О, как белы крылья Победы!
Как безумны её глаза!
О, как мудры её беседы,
Очистительная гроза!
Это же ваши слова, вы их написали. Что вы думали, когда это писали, каким вы были в те времена? Неужели все забыли, Николай Степанович. Очистительная гроза – вот то, что нужно было Адену и всем окрестным землям. Да, гроза разрушающая, но потом – выглядывает солнце и можно строить новую жизнь на обломках сметенного грозой старого.
Гумилев долго молчал, но потом заговорил вновь. И слова его – падали как булыжники в мертвую зыбь безмолвия.
– У вас хорошая память, Борис Викторович, это действительно написал я. И оглядываясь, назад… наверное, я тогда и в самом деле сильно отличаюсь от того, кем я стал теперь. Мы все – отличаемся от тех, кем мы были тогда. Тогда и я, признаюсь, грешным делом подумал о Liberté, Égalité, Fraternité как возможном пути для России. Но больше я так не думаю, и в немалой степени – из-за вас. Это вы, Борис Викторович, вы и ваши товарищи, с кем, как я понимаю, вы никогда не теряли связь – крестили нас кровью. Вы научили нас ненавидеть – но и заставили сплотиться. Вы показали нам, какой на самом деле бывает эта гроза – кровавы ее потоки, вместо воды – кровь. Вы и ваши товарищи убили немало достойных людей – но выжившие стали крепче стали. Я больше не верю в очистительную грозу, Борис Викторович, и уже ничто не заставит меня поверить в это. Я соглашусь с вами в том, что княжествам на юге Аравийского полуострова нужны были перемены, я соглашусь и с тем, что социальный строй там был весьма архаичным и отсталым.

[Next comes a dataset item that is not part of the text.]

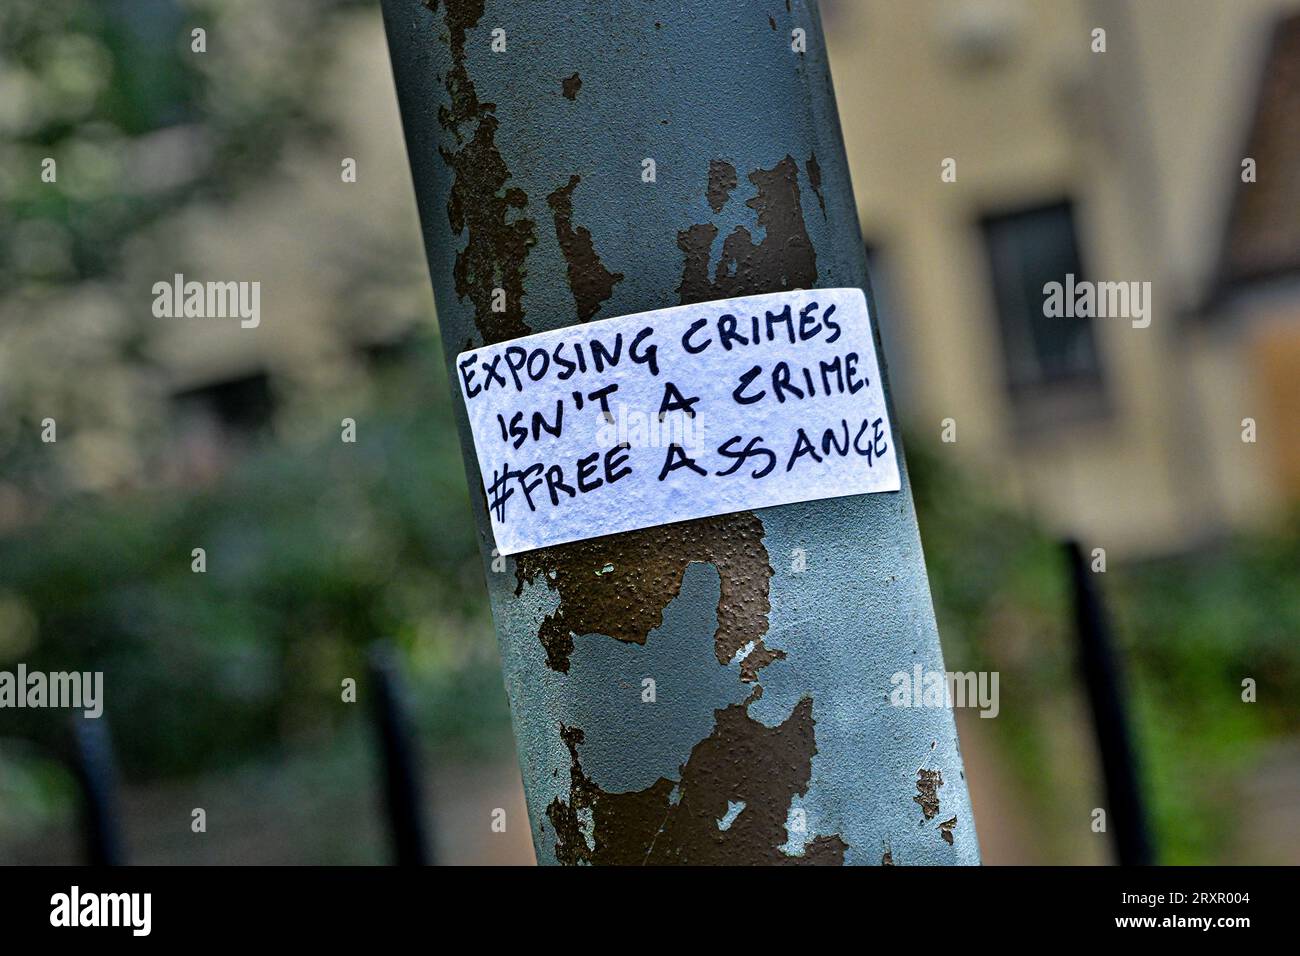 Political Statement On A Lamp Post In Stockbridge Edinburgh United Kingdom In Support Of WikiLeaks Owner Julian Assange Stock Photo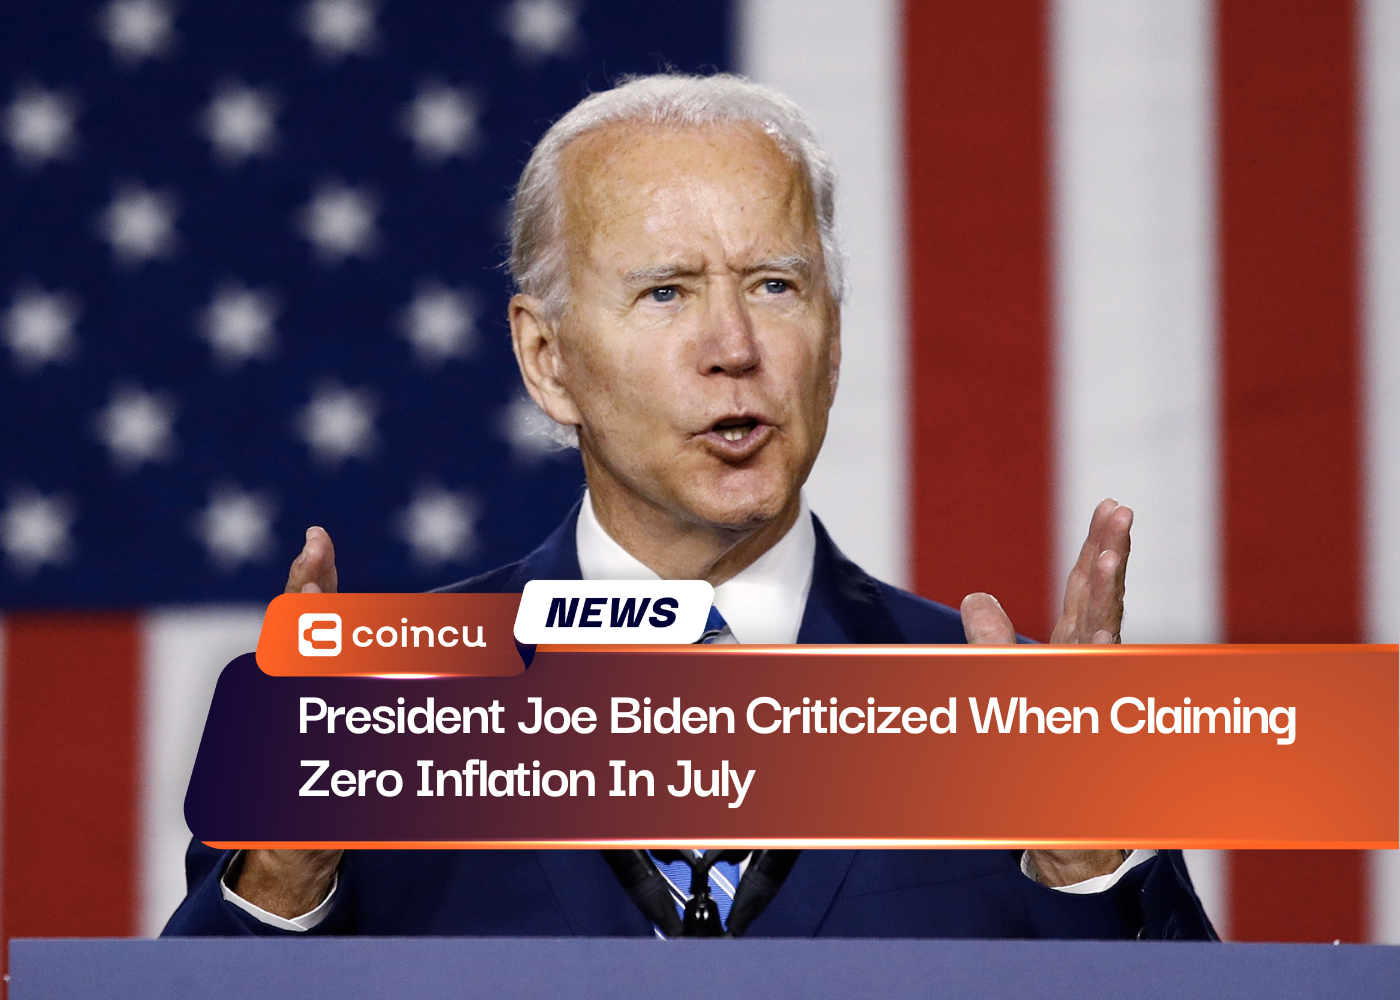 President Joe Biden Criticized When Claiming Zero Inflation In July

Но во имя Господа, Борис Викторович, я никому, даже самому злейшему врагу не пожелаю, чтобы у него в стране к власти пришли троцкисты, чтобы троцкисты ломали общество с тем, чтобы выстроить новое по своему безумному подобию. Я видел, как это может быть здесь, в России и понял – что нигде, ни в одной стране нельзя допустить такого. Вы не только уголовный преступник, Борис Викторович, вы еще и государственный преступник, изменник и предатель. Вы выдали британцам план обороны порта Аден и тем самым способствовали его захвату. Вы сделали так, что информация не дошла своевременно до Генерального штаба, и в условиях противоречивой и неполной информации решение не было принято, что обернулось тысячами лишних жертв. Именно вы и ваши люди – сорвали план операции по взятию власти в княжестве Бейхан. Все это привело к тому, что Бейхан мы все-таки взяли, но больше ста парашютистов поплатились жизнями за ваше предательство.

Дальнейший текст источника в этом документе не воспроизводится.